From data to diagnosis and control using generalized orthonormal basis filters. Part I: Development of state observers

This work is aimed at the development of a state observer (steady state Kalman filter) for a multivariable system with unknown time delays, which is subjected to unmeasured disturbances. To design such a filter, we explore the feasibility of capturing system dynamics using generalized orthonormal basis filters (GOBF). A two step identification procedure is proposed by exploiting the fact that the GOBF based models have output error structure. The deterministic component of the model is identified in the first step and used to compute a residual signal. In the second step, a filter that whitens the residuals is estimated using GOBF and combined with the deterministic component. A minimal order state realization of the innovation form of the state model is then generated from this high order model using realization based sub-space based state space (4SID) identification algorithm.

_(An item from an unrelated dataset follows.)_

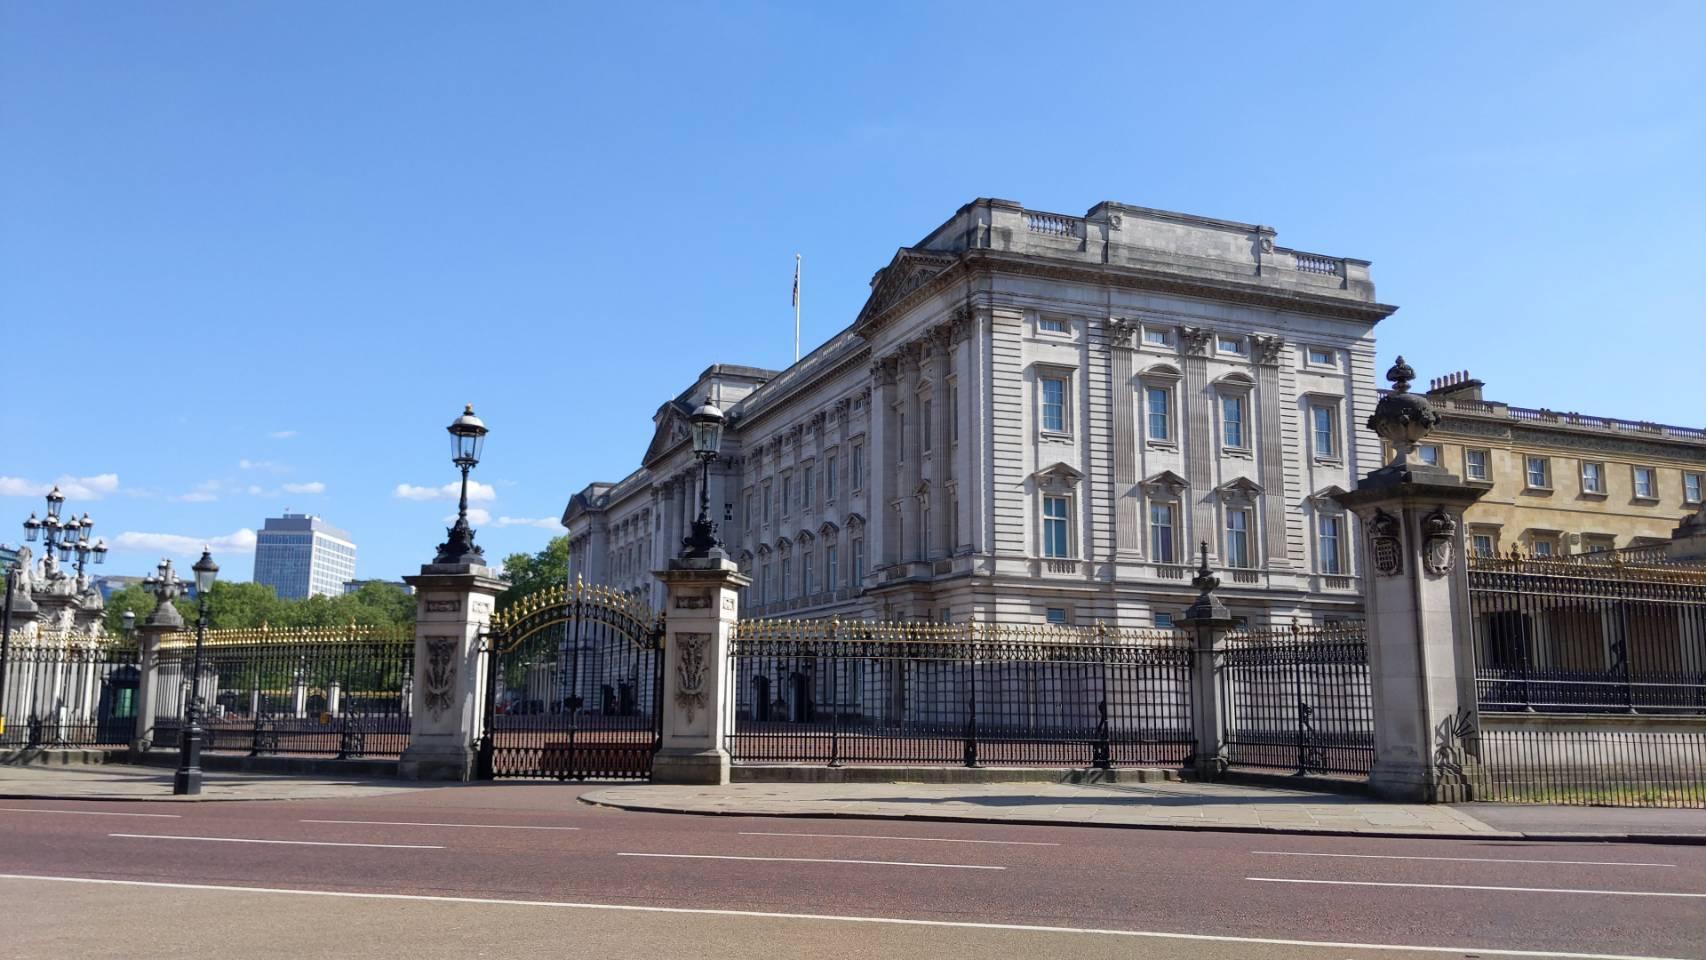 バッキンガム宮殿付近を自転車で_f0380234_00513714.jpg
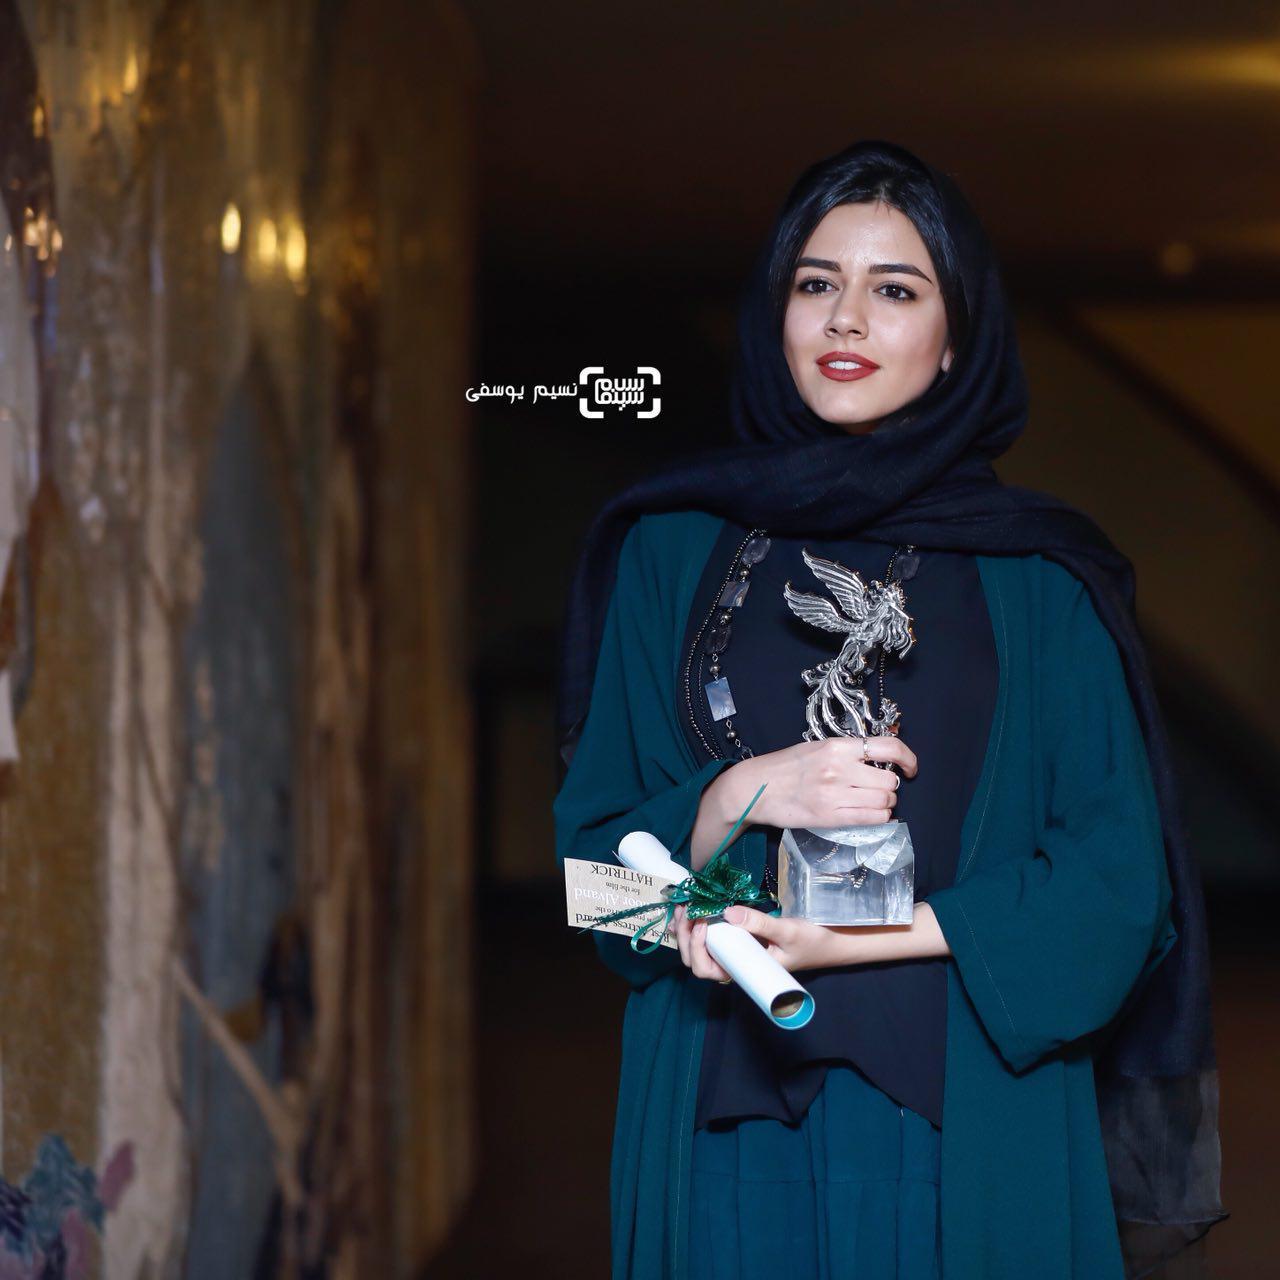 گزارش تصویری از روز هفتم و اختتامیه سی و ششمین جشنواره جهانی فیلم فجر

When time delays are not known a-priori, the similarity between GOBF and Pade approximation is used to estimates time delay matrix directly from multivariate data. The efficacy of the proposed modeling technique is demonstrated by carrying out simulation studies on the benchmark Shell control problem and experimental evaluation on a stirred tank heater (STH) system. From the analysis of simulation and experimental results, it can be inferred that the proposed approach produces fairly accurate estimates of the time delay matrix and the deterministic and stochastic components of the dynamic model.